* PROVIDED INFORMATION:
══════

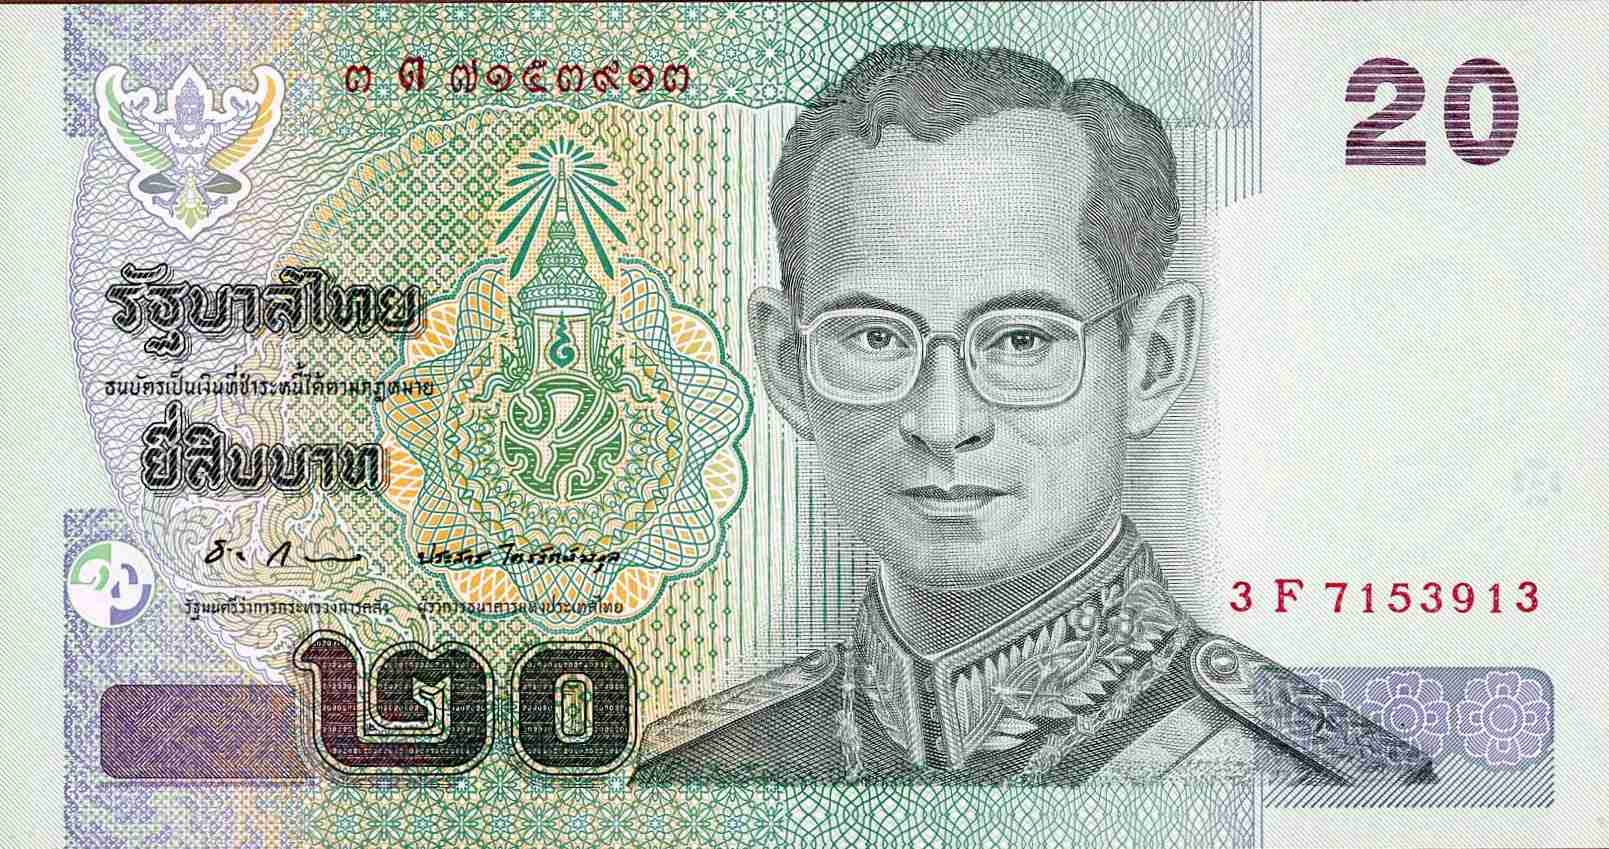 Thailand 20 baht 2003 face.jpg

══════

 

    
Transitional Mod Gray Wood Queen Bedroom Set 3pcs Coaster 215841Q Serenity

══════

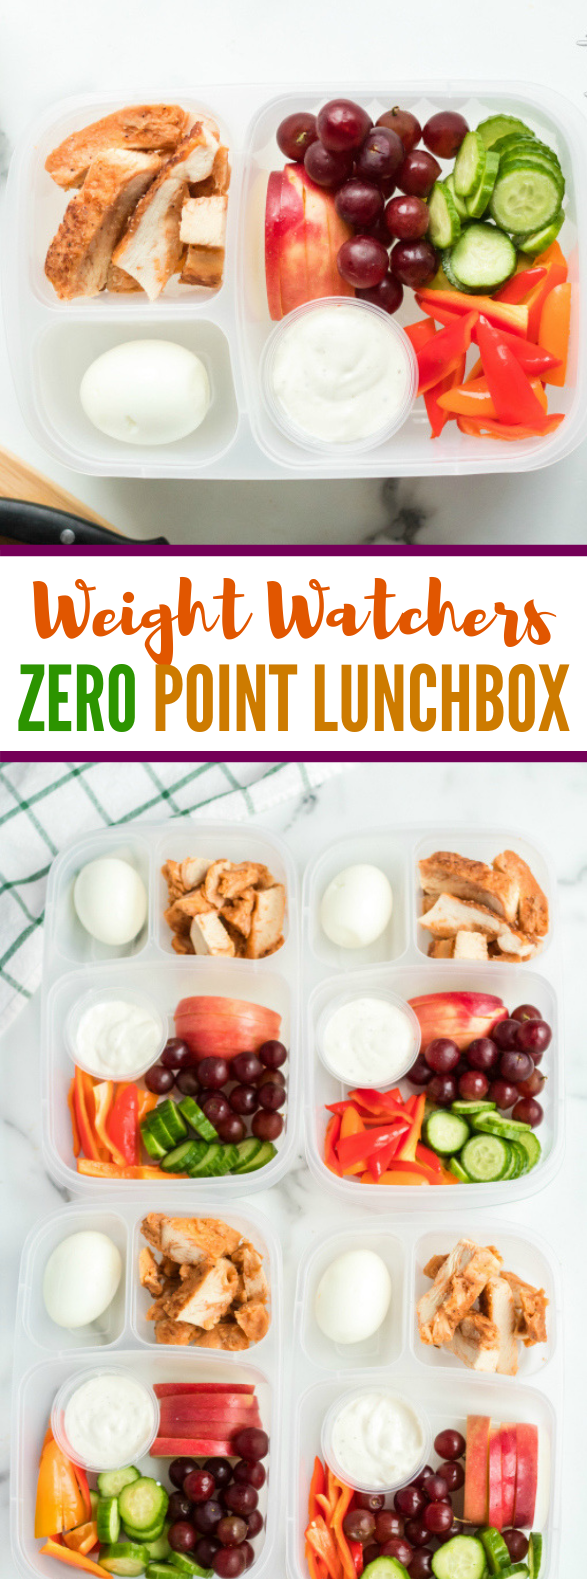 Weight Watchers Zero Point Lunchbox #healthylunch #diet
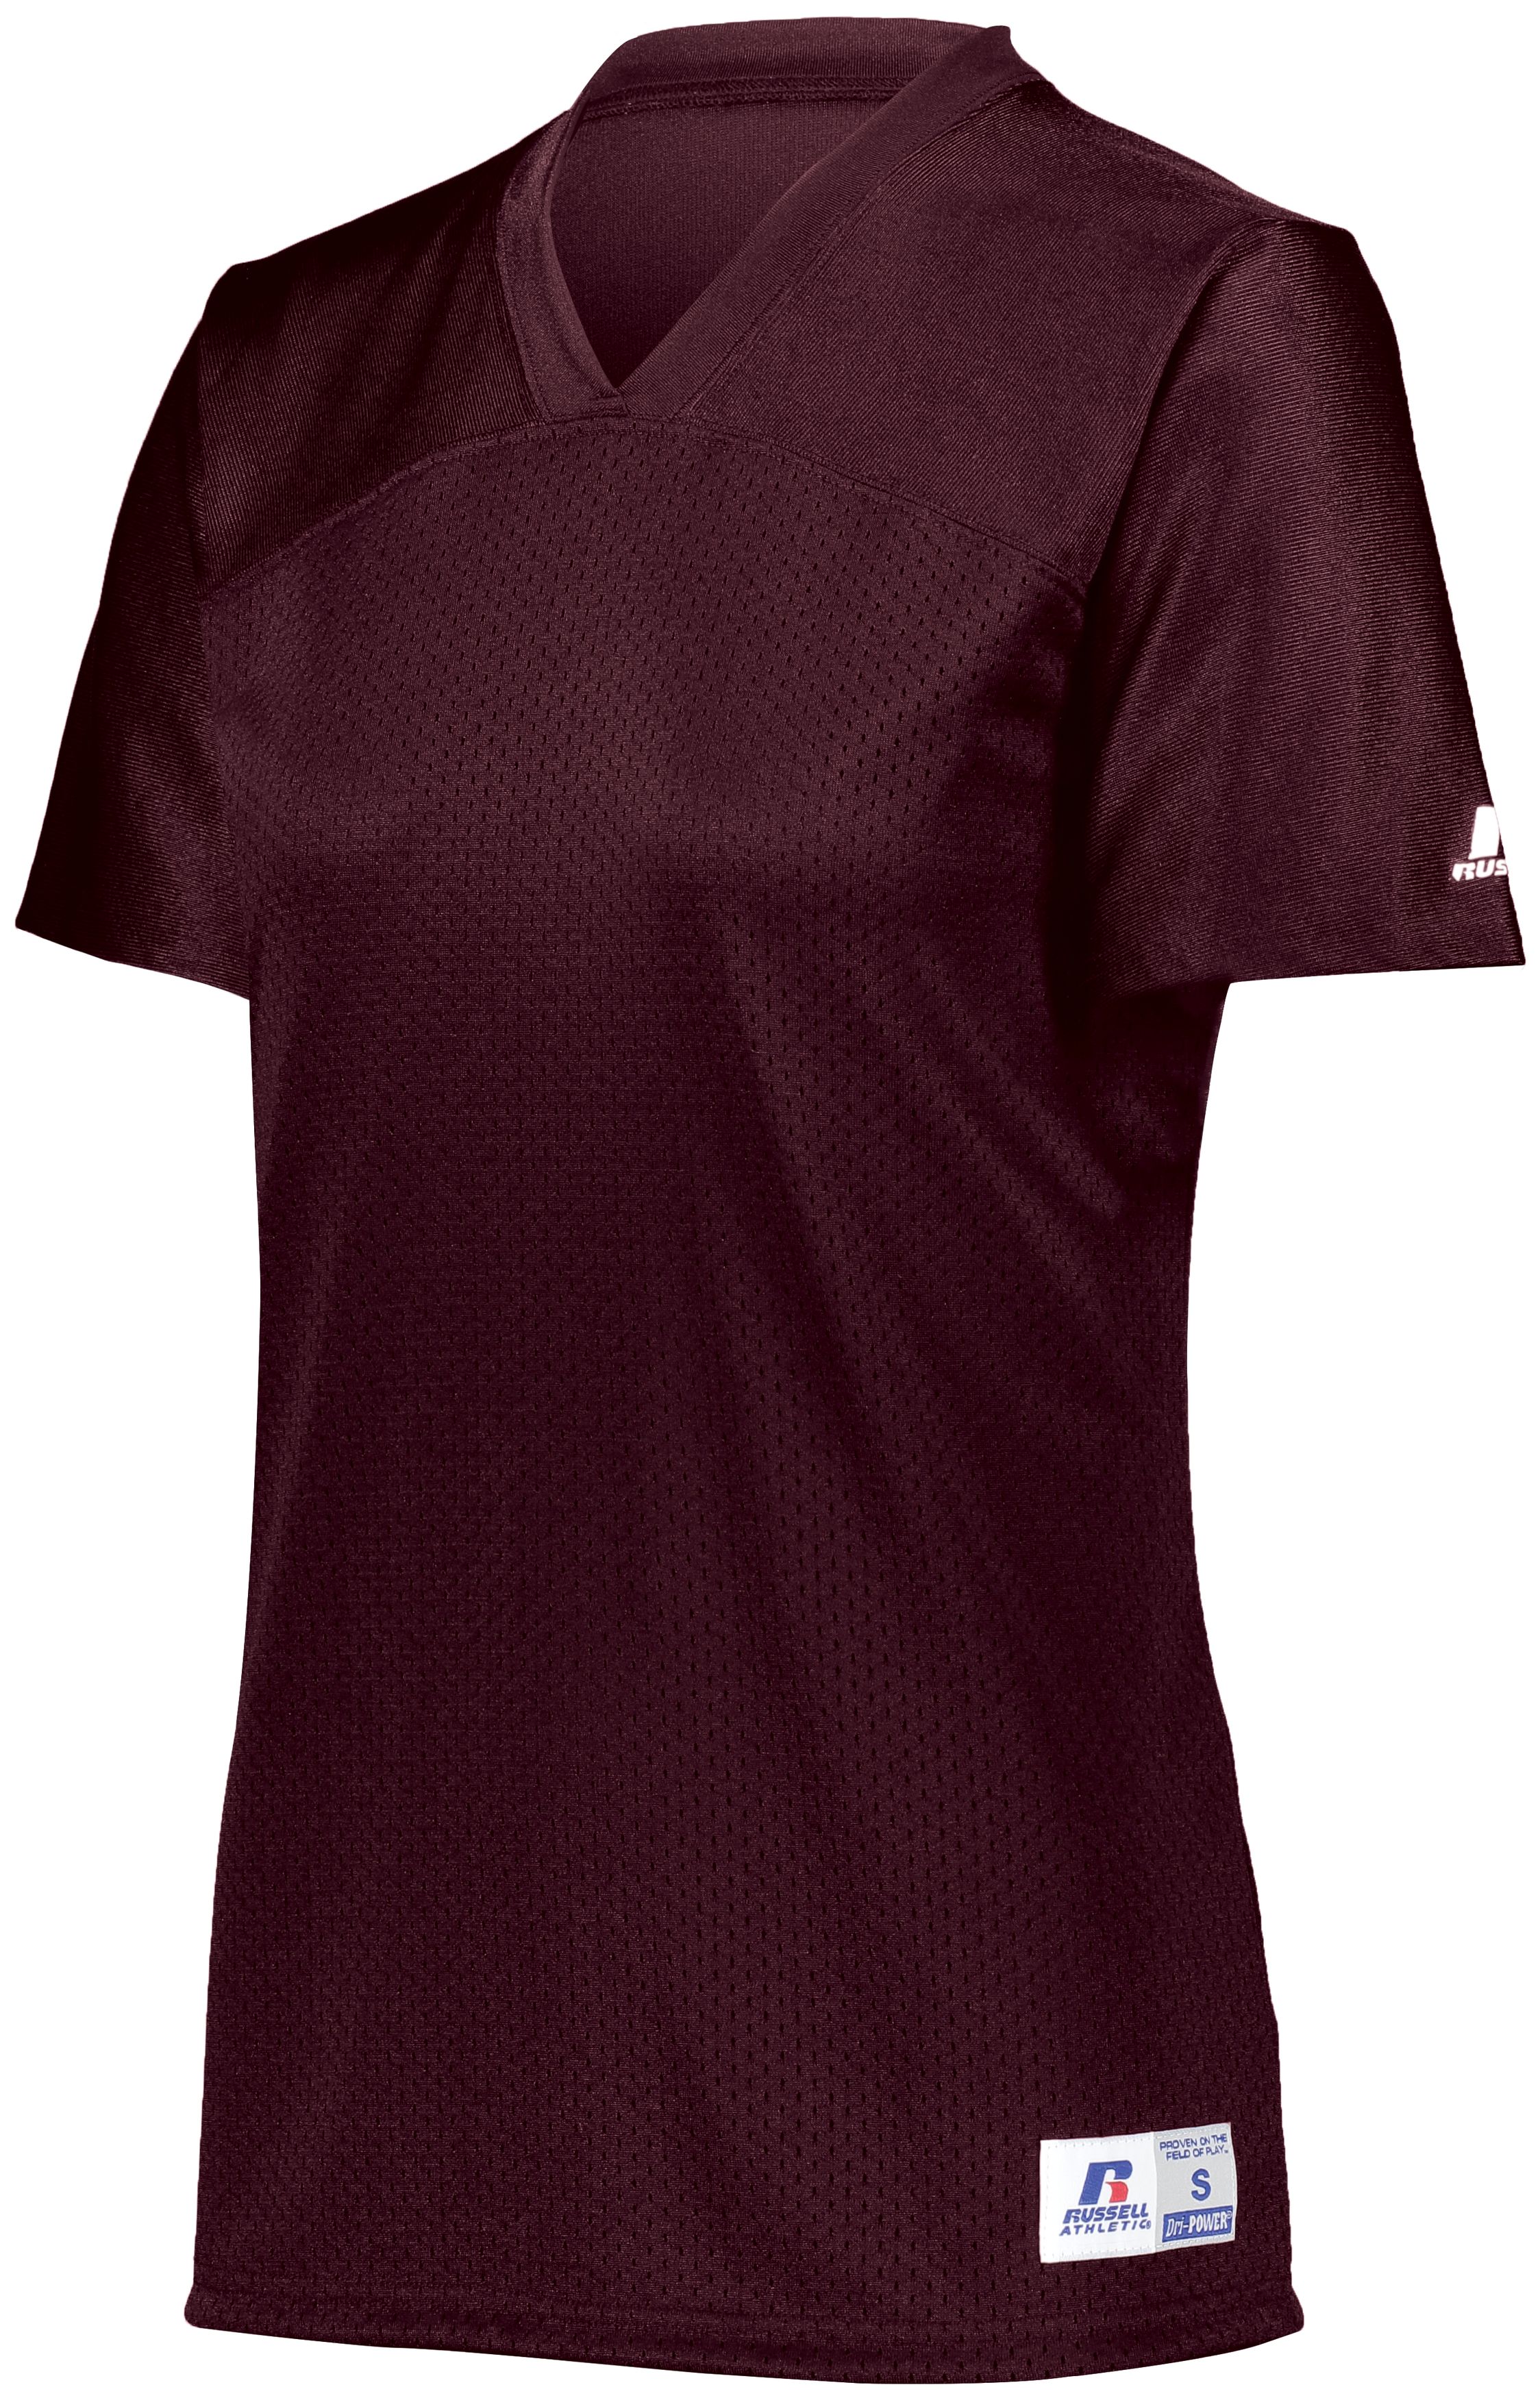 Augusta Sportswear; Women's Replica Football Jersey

══════

* WHAT TO PRODUCE:
Above this task is a listing with pictures in it. Retype only the lines from the one containing "Weight Watchers Zero" through the one containing "Augusta Sportswear; Women's", both included, and not the pictures.

* ANSWER SPACE:
 Weight Watchers Zero Point Lunchbox #healthylunch #diet
 Augusta Sportswear; Women's Replica Football Jersey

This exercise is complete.